- [ASSIGNMENT]:
Write out exactly the lines from the one containing "Skalka - Este" through the last line of the records below, including both.
====== MATERIAL PROVIDED ======
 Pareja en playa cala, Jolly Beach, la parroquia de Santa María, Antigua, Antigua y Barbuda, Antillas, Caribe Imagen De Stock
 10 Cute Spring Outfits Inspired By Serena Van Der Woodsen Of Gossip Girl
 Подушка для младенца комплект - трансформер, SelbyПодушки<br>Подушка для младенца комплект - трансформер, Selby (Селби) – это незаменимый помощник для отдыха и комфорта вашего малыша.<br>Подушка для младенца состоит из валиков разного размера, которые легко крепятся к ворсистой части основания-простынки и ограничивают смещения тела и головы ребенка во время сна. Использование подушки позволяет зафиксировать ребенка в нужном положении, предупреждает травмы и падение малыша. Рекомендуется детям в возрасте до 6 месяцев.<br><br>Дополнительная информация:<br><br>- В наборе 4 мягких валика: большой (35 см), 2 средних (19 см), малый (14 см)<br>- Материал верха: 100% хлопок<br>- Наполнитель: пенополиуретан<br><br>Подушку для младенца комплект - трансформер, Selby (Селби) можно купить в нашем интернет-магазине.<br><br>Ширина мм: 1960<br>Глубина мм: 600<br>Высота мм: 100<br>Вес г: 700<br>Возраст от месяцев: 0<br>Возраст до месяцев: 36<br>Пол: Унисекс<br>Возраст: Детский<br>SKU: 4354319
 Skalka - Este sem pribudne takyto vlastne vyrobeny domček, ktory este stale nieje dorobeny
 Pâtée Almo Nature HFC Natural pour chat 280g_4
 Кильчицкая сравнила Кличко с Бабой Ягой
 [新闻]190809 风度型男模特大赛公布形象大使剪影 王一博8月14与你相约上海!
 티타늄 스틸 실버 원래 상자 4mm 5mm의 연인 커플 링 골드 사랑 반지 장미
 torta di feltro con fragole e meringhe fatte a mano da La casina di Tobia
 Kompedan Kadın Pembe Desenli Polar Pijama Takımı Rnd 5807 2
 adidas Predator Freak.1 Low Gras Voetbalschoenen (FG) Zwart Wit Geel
======
- [RESPONSE AREA]:
 Skalka - Este sem pribudne takyto vlastne vyrobeny domček, ktory este stale nieje dorobeny
 Pâtée Almo Nature HFC Natural pour chat 280g_4
 Кильчицкая сравнила Кличко с Бабой Ягой
 [新闻]190809 风度型男模特大赛公布形象大使剪影 王一博8月14与你相约上海!
 티타늄 스틸 실버 원래 상자 4mm 5mm의 연인 커플 링 골드 사랑 반지 장미
 torta di feltro con fragole e meringhe fatte a mano da La casina di Tobia
 Kompedan Kadın Pembe Desenli Polar Pijama Takımı Rnd 5807 2
 adidas Predator Freak.1 Low Gras Voetbalschoenen (FG) Zwart Wit Geel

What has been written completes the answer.